[AIM OF THE TASK]: Your output should be the lines below from the one holding "好み眉をひそめる背景ハロウィーン仮装イヤーマスクバーKTVパーティーマスクかわいいウサギのマスク (Color : C)" through the one holding "f:id:pikachu_pcn:20190402214501j:plain", transcribed exactly, with no pictures.

[RECORDS TO PROCESS]:
=== Begin Enclosure ===

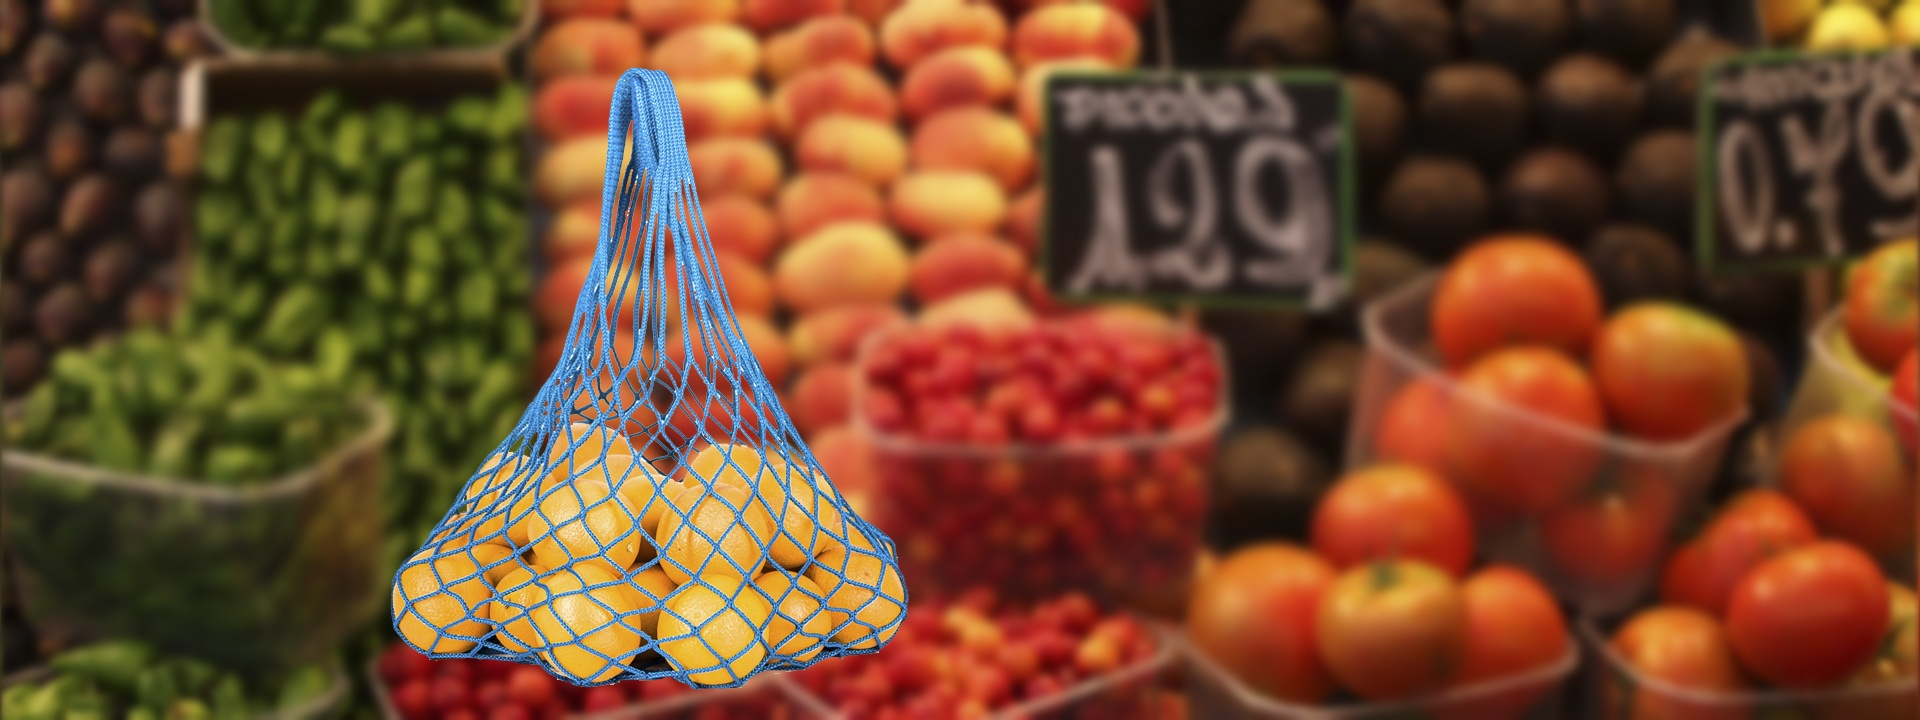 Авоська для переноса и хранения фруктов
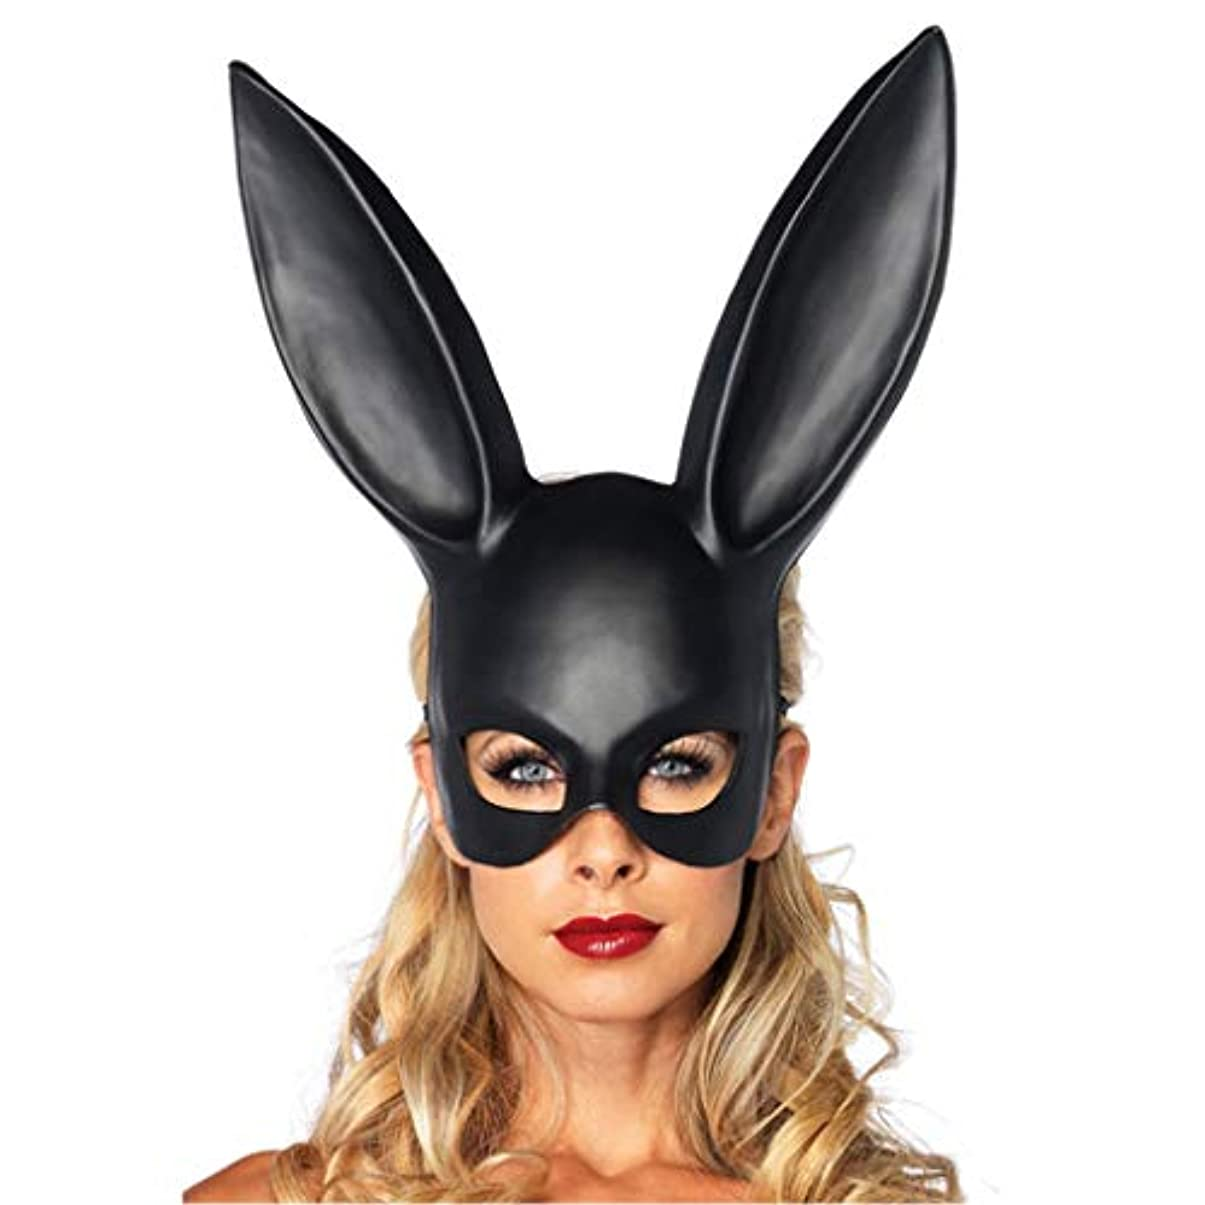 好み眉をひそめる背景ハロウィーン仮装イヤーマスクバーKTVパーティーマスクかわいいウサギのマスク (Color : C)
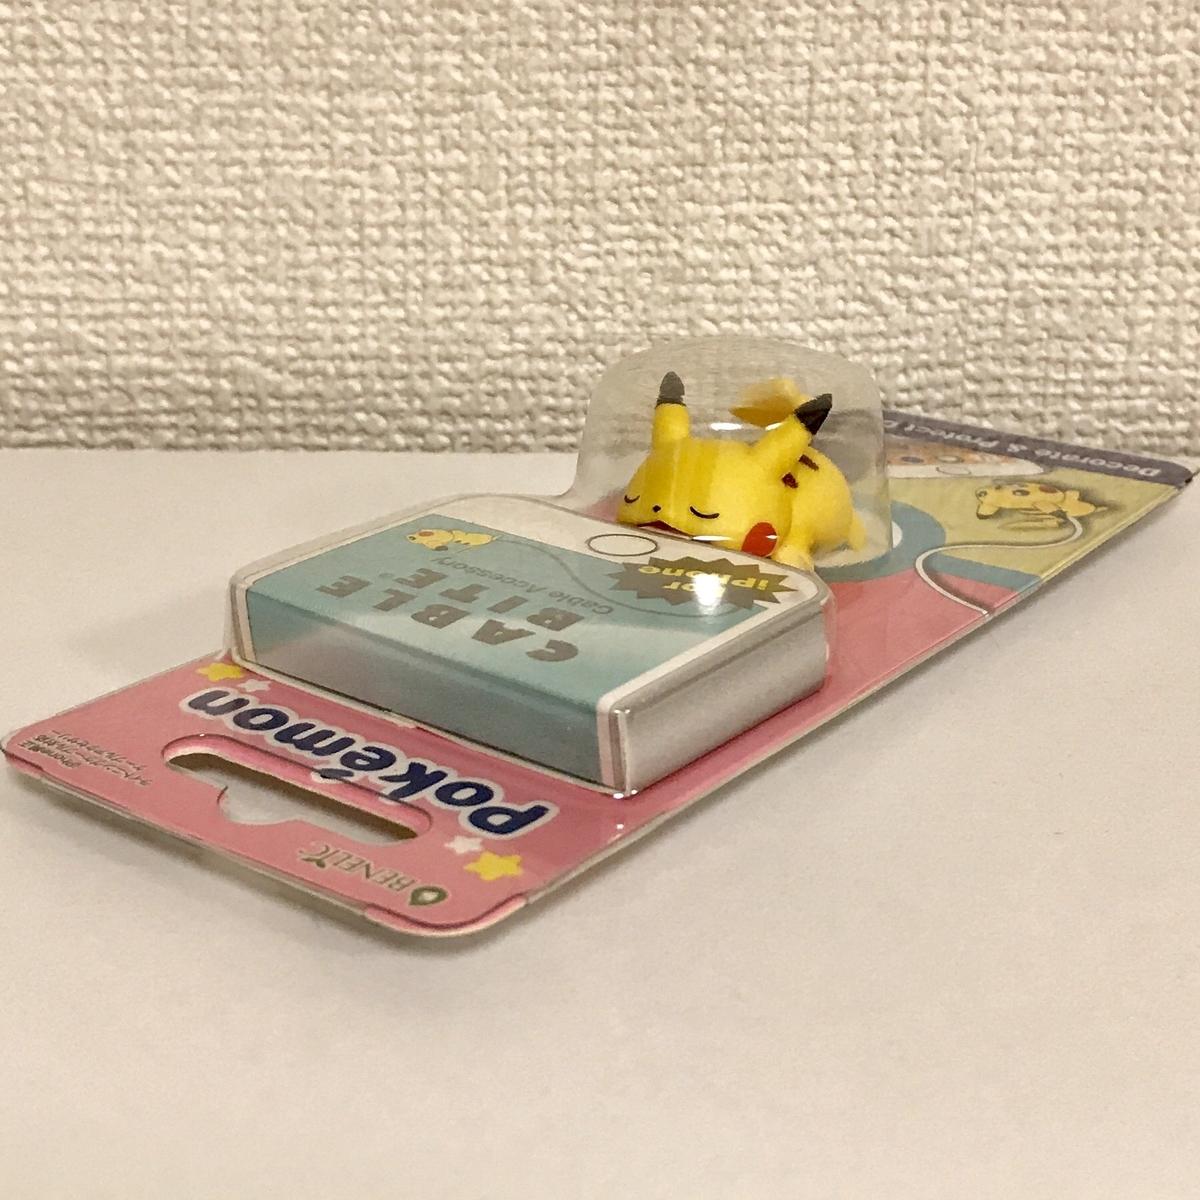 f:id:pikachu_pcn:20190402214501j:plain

=== End Enclosure ===
=== Begin Enclosure ===

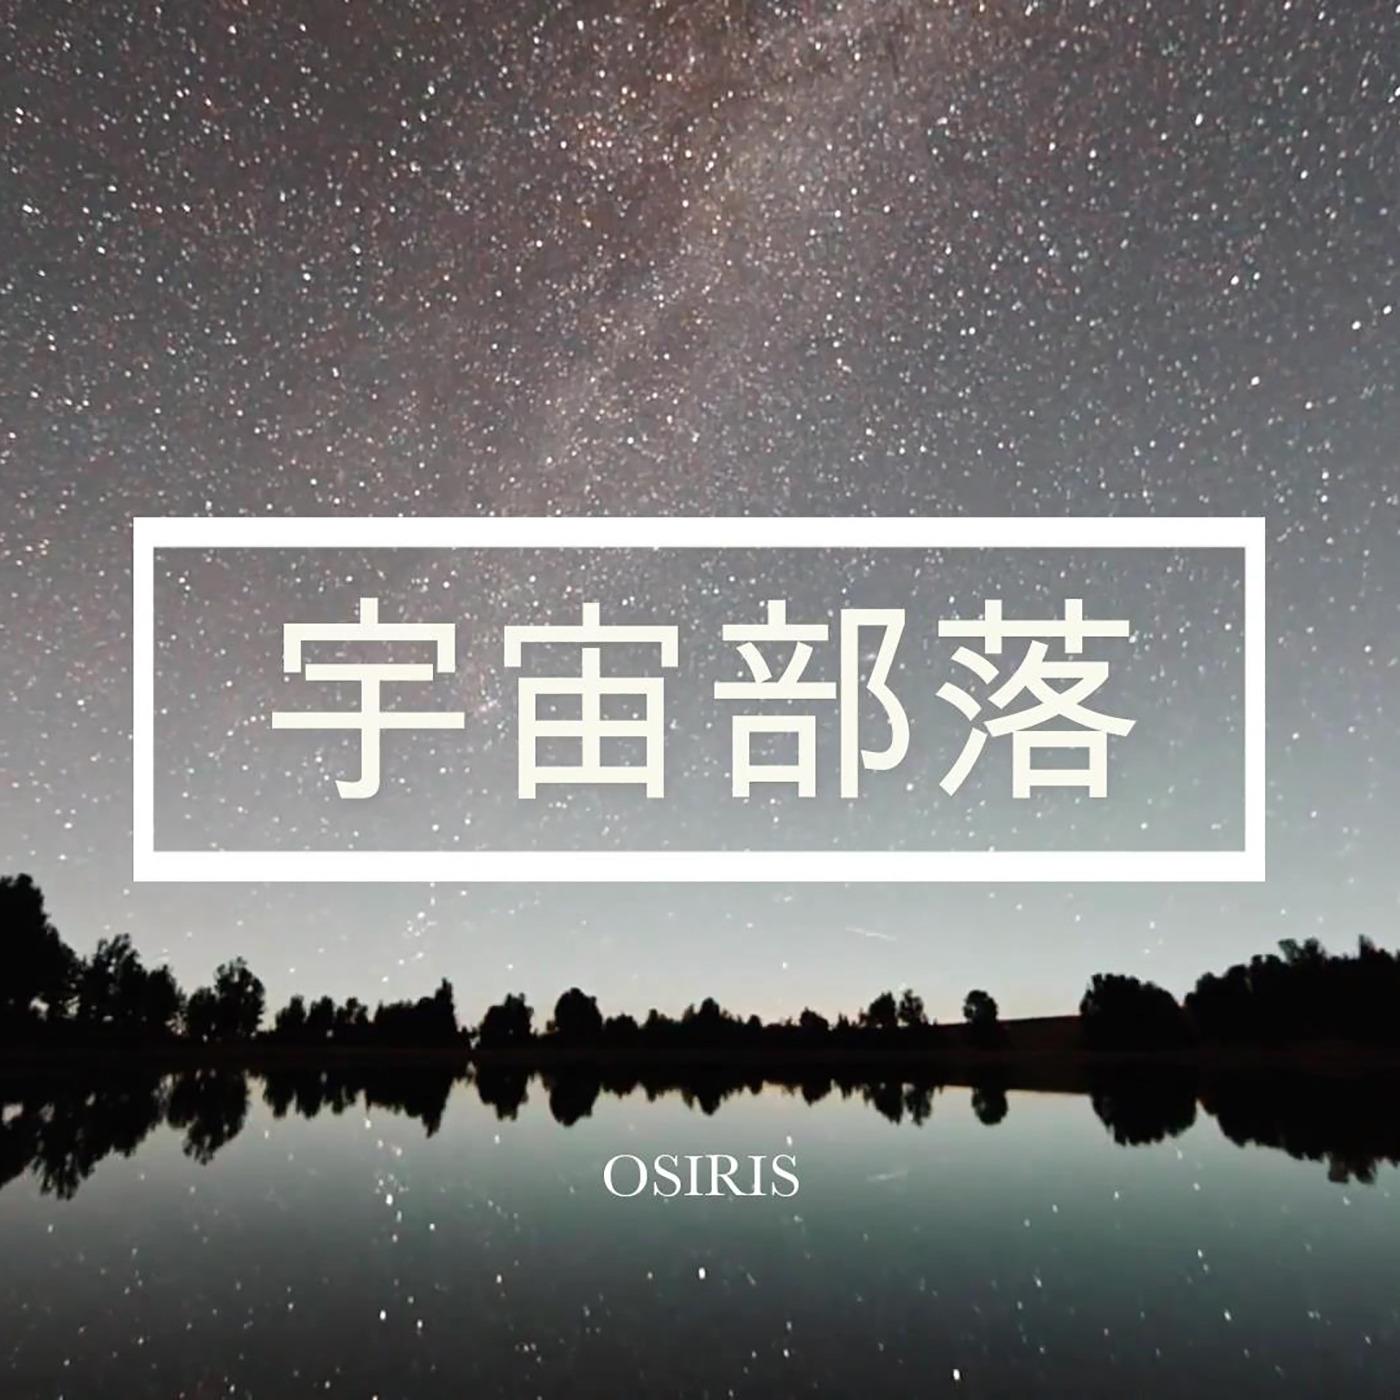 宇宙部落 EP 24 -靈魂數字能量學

=== End Enclosure ===

[TASK ANSWER]:
 好み眉をひそめる背景ハロウィーン仮装イヤーマスクバーKTVパーティーマスクかわいいウサギのマスク (Color : C)
 f:id:pikachu_pcn:20190402214501j:plain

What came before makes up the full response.